In July, the 422nd was transferred to the Stalingrad area by rail, where it joined the Stalingrad Front. As part of the 4th Tank Army, it fought in the defeat of German troops around Buzinovskaya between August 3–4. On August 4, the division transferred to the 57th Army and fought in fierce defensive battles, covering the southern approaches to the city. At the end of August, the division defended the line of Tundutovo and Chapurniki, before transferring to the 64th Army less the 1334th Rifle Regiment, on the night of September 18–19. It concentrated on the northern outskirts of Beketovka, then fought in heavy fighting in the Kuporosnoe area. The 422nd advanced from the Gornaya Polyana area towards Yelshanka and the northwestern outskirts of the city centre during the second half of October with an army shock group tasked with capturing Kuporosnoe, Yelshanka and the southern part of Stalingrad to the Darnitsa River, then clearing the city centre of German troops to link up with the 62nd Army. It returned to the 57th Army on November 6, and was relocated to the area to the west of Krasnoarmeysk on November 7–8.

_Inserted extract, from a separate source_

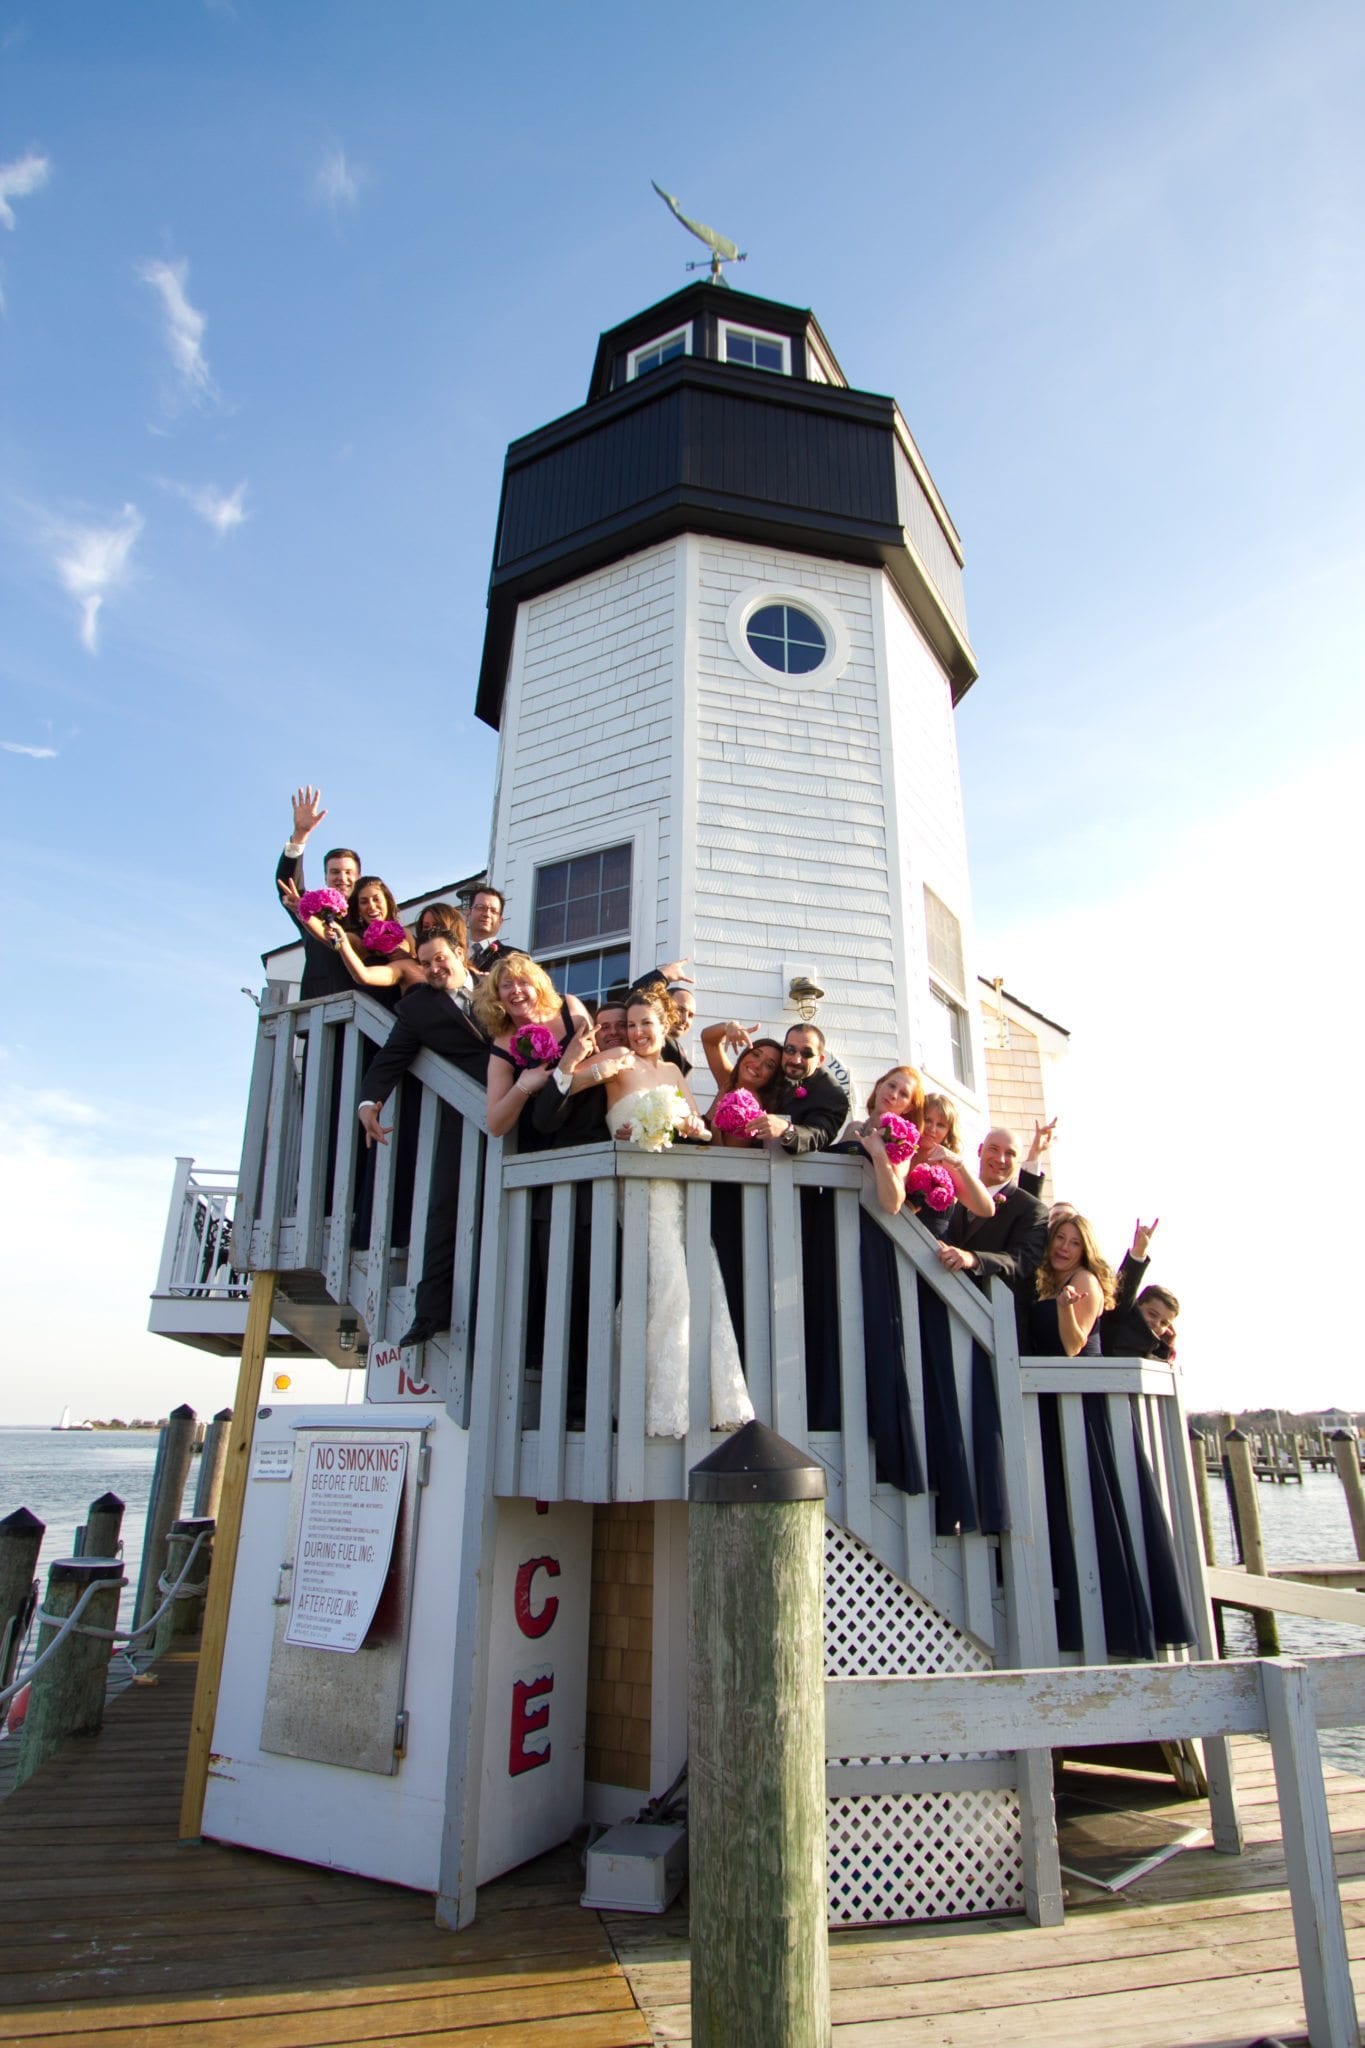 Wedding party posing on stairs of lighthouse.

Morozov led his division through Operation Uranus, the Soviet counteroffensive at Stalingrad, beginning in the second half of November. By the end of November 22, advancing in conjunction with the 169th Rifle Division, the division had broken Axis resistance and reached the line of Nariman and Gavrilovka. It then advanced to the line of Tsybenko and Rakotino to relieve the encircled 13th Tank Corps. The 422nd repulsed fierce Axis counterattacks from 25 November while holding Kravtsov. At the beginning of December it was withdrawn into the army reserve, covering the front from Chervlenaya River to Tsybenko and Novy Rogachik. It went back into combat with the 64th Army between 4 and 15 December, then withdrew into front reserve before returning to the 57th Army on 16 December.

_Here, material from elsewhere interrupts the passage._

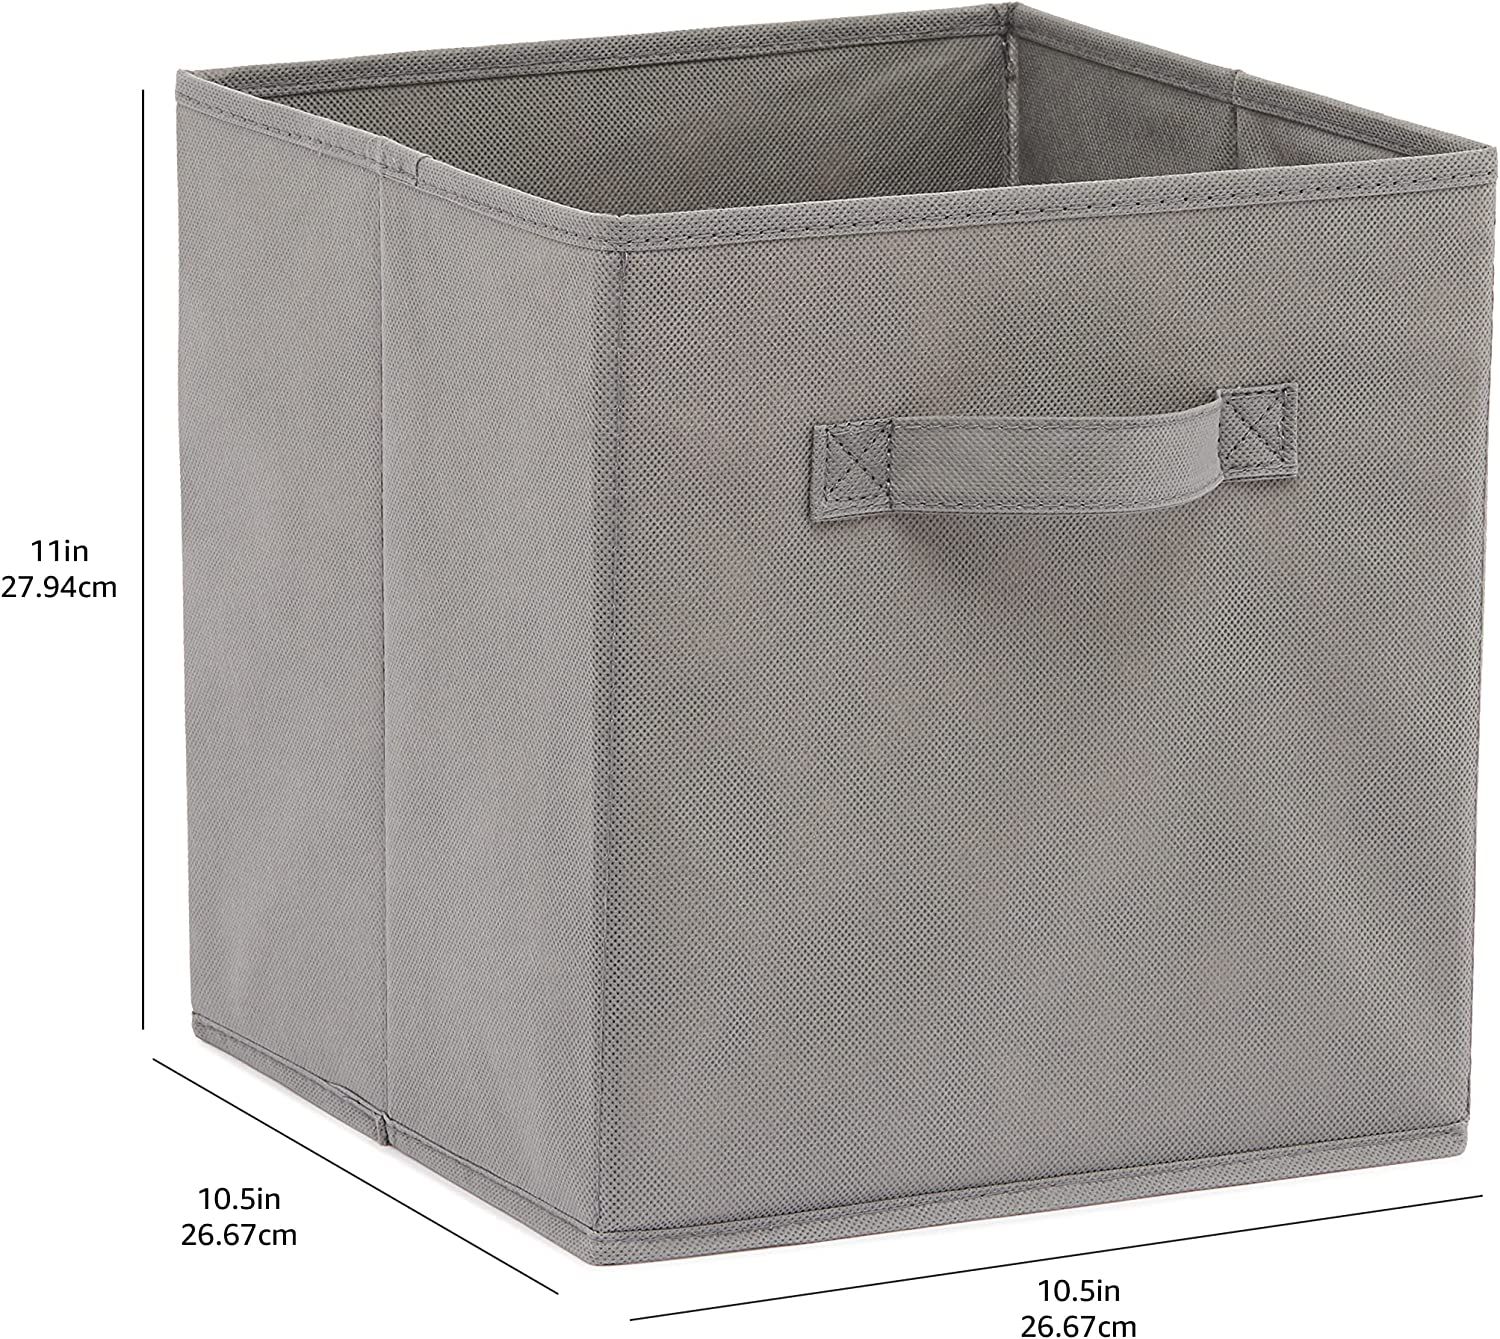 Amazon Basics Collapsible Fabric Storage Cubes Organizer with Handles, Gray - Pack of 6 | Amazon (US)

As part of the Stalingrad Front and then the Don Front from 1 January 1943, the division fought in Operation Ring, the destruction of German troops trapped in the pocket created by Operation Uranus. On January 29, he personally took the surrender of Lieutenant General Edler von Daniels and his 376th Infantry Division in the ruins of the city. Following the end of the battle, the division transferred to the 64th Army, which became part of the operational group of Lieutenant General Kuzma Trubnikov; the latter became the Stalingrad Group of Forces on 27 February. For its actions, the 422nd became the 81st Guards Rifle Division on 1 March 1943; Morozov was promoted to major general on the next day. Shortly afterwards, the 81st Guards were transferred with the 64th Army (redesignated 7th Guards Army on 1 May) to the Voronezh Front, where they defended the Seversky Donets in the Belgorod area. The division became part of the 25th Guards Rifle Corps on 4 May. The division staged an especially strong defense during the Battle of Kursk in and near the Stari Gorod (Old Town) suburb of Belgorod from 5–9 July before being forced to break out of partial encirclement on 10 July due to the retreat of the forces on its flanks. On 27 August Morozov was recognized for his leadership with the award of the Order of Kutuzov, 2nd Class.

The division transferred to the 48th Rifle Corps of the 69th Army on July 12, then back to the 7th Guards Army, now with the Steppe Front (renamed the 2nd Ukrainian on October 20), on July 29. Morozov subsequently led the 81st Guards in the Battle of Kursk, during which it fought in the Battle of Prokhorovka, the Belgorod-Kharkov Offensive Operation, and the Battle of the Dnieper. On September 14 he left his command, and was replaced by Col. Sergeii Grigorevich Nikolaiev five days later. Morozov returned to the 81st on December 12. He went on to lead the division in the recapture of Left-bank Ukraine, the Kirovograd Offensive, the Uman–Botoșani Offensive, the Second Jassy–Kishinev Offensive, and the advance into Romania and Bulgaria. He last led the division during the Battle of Debrecen in October 1944.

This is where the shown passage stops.